Port Madripoor occupied a strategic junction in Southeast Asia — a city that had no counterpart in her previous life, an island settlement unlike anything she had known before.
At its center rose a mountain; at its edges fell sheer cliffs. The city divided cleanly into Hightown and Lowtown, and the gap between them was not subtle. Historically, the island had been a haven for pirates. In the present day, it served the same essential function for fugitives, intelligence operatives, and smugglers.
The island's actual governing power belonged to the Serpent Society, and its leader was Daisy's associate: Viper.
As a port city, Madripoor hosted a constant rotation of ocean freighters along its docks, and the daily population flow was staggering. Like Jerusalem, it drew operatives from every major intelligence service in the world — some exchanging information, some simply drinking in the establishments that had learned not to ask questions.

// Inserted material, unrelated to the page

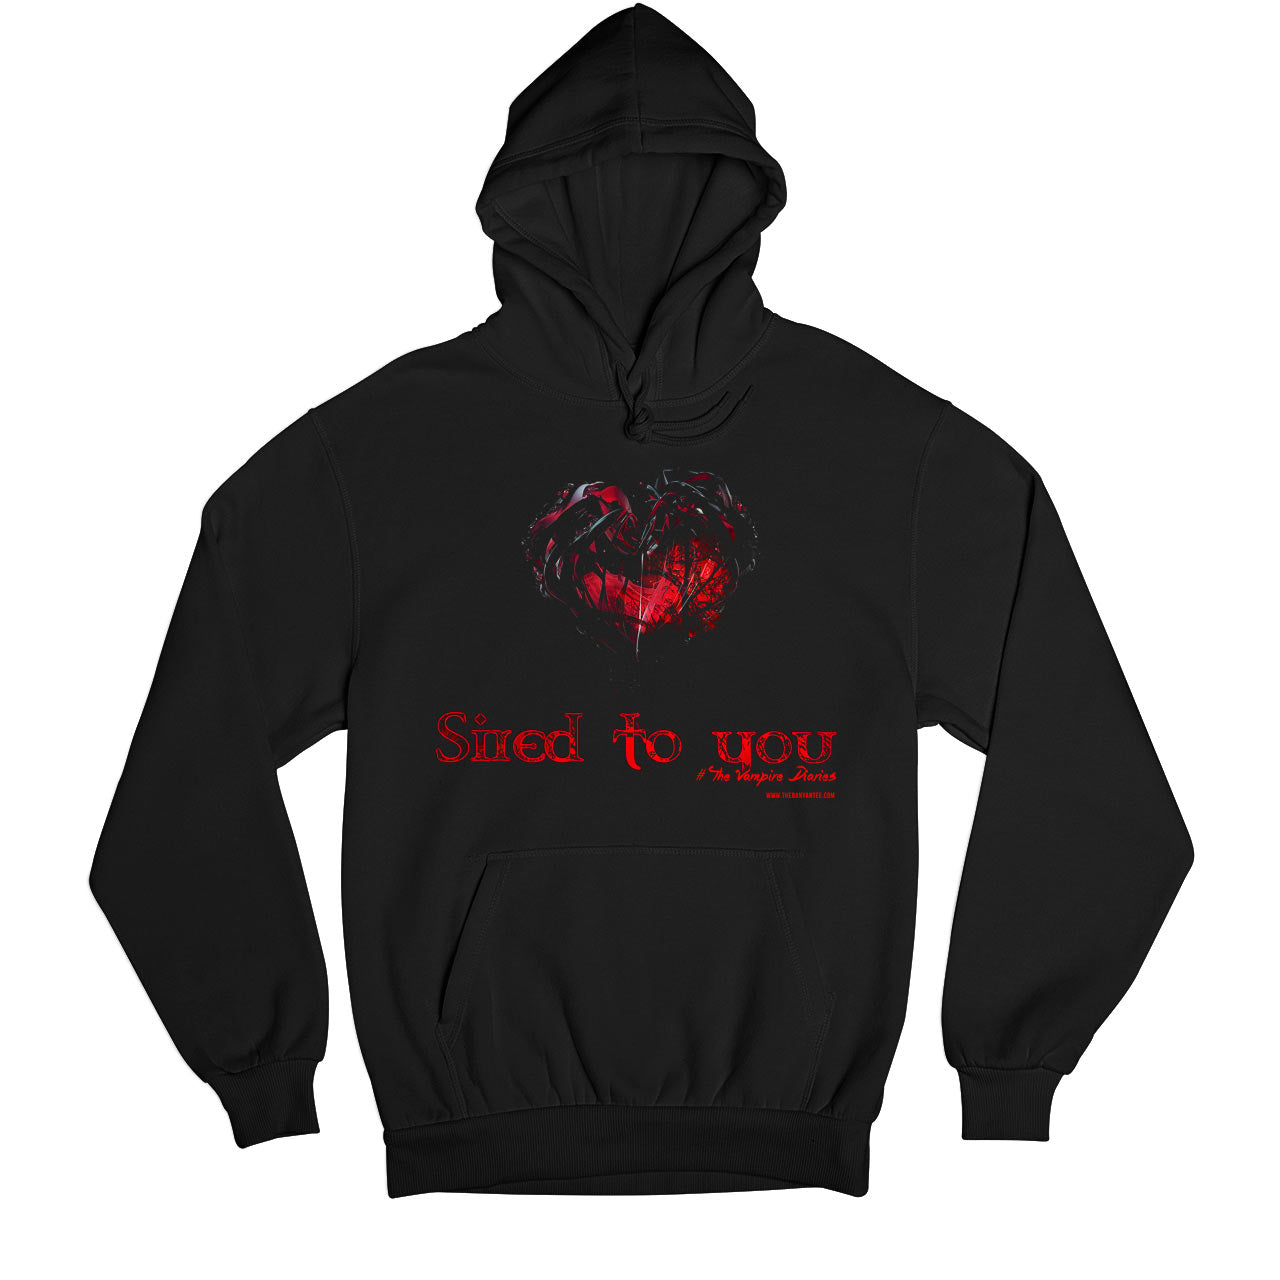 The Vampire Diaries Hoodie - On Sale - S (Chest size 40 IN)
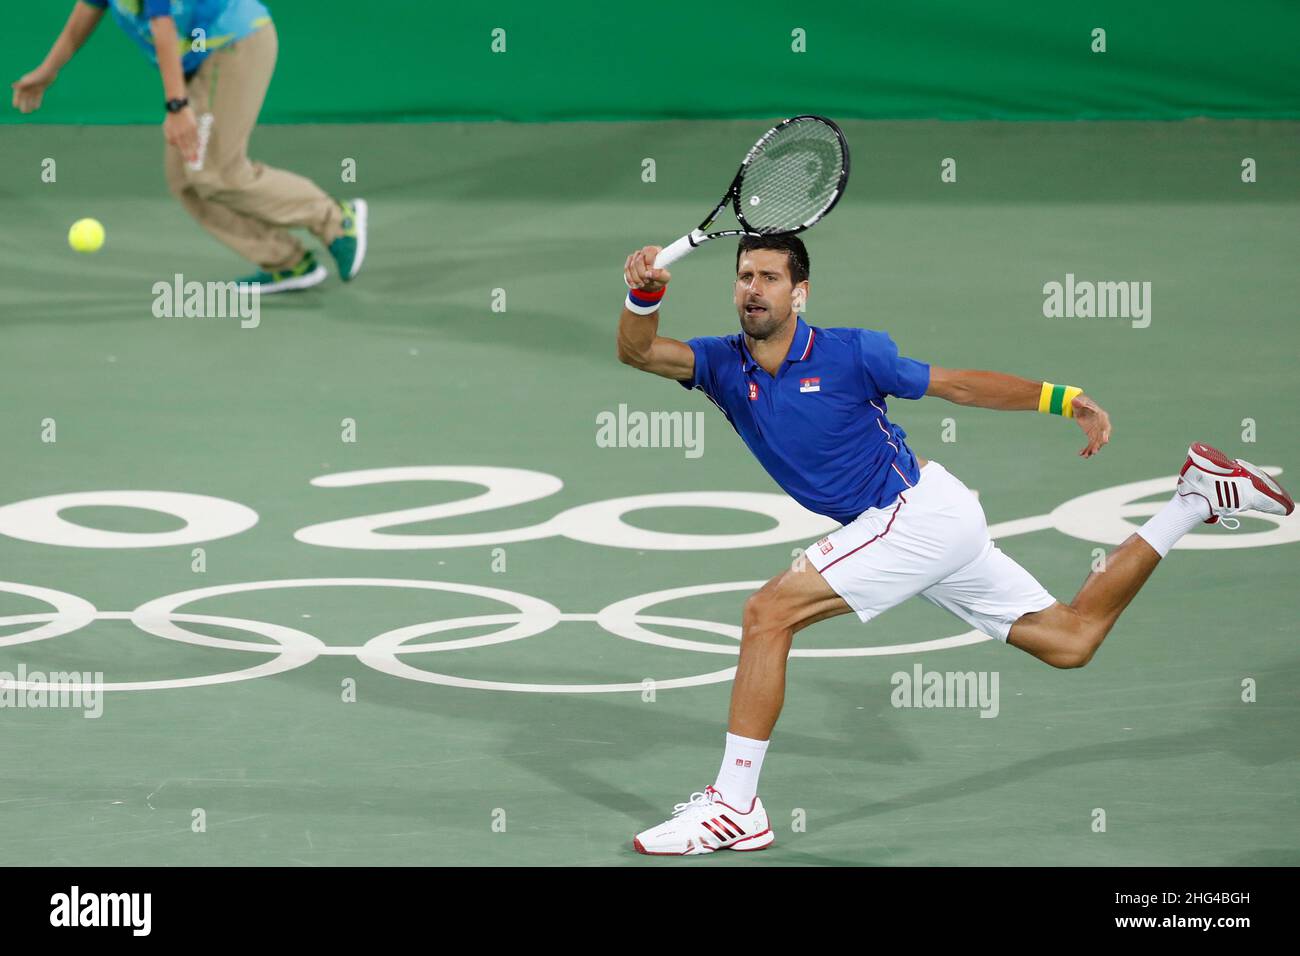 Novak Djokovic tennis player from Serbia competes on court at the Rio

Hightown was immaculate and deliberately opulent. Every major international bank maintained a branch here. Hotels rose in clusters, polished and extravagant, the architecture borrowing from palaces and making no apologies for it.
Daisy arrived looking like a tourist — jacket tied around her waist, sunglasses on, a large backpack over her shoulders. The shield and longsword were inside it. S.H.I.E.L.D.'s logistics team had coated the metal components with anti-detection polymer, and combined with her FBI credentials, the airport security agents had stared at the weight reading on their equipment with visible skepticism before eventually waving her through.
She got her bearings and walked the main boulevard to the entrance of a hotel called the Sovereign.
No dramatic incidents. She followed the concierge's direction to a penthouse suite on the top floor, where Viper had apparently been waiting for two days.
The moment they were face to face, Viper's first order of business was to look Daisy up and down and deliver her verdict:
"You have absolutely no idea how to dress yourself. Don't they teach you to use your appearance as a weapon anymore? Has Natasha given up on you entirely?"
Daisy had spent enough time around Viper to know how this worked. A few verbal jabs cost nothing. She cheerfully confirmed that yes, she was hopeless at dressing herself, and moved on.
To illustrate her point, Viper stood and turned a slow circle.
"Take a look at the new suit. Does it or does it not have a certain appeal?"
Daisy took a sideways glance. It was the same general concept as before — a combat outfit that covered every structural weak point and left the rest largely to imagination — but with modifications. The inner thigh protection on both legs had been reduced by roughly two-thirds, leaving a generous expanse of pale skin visible, with only the remaining third of the paneling bridging down to the knee guards.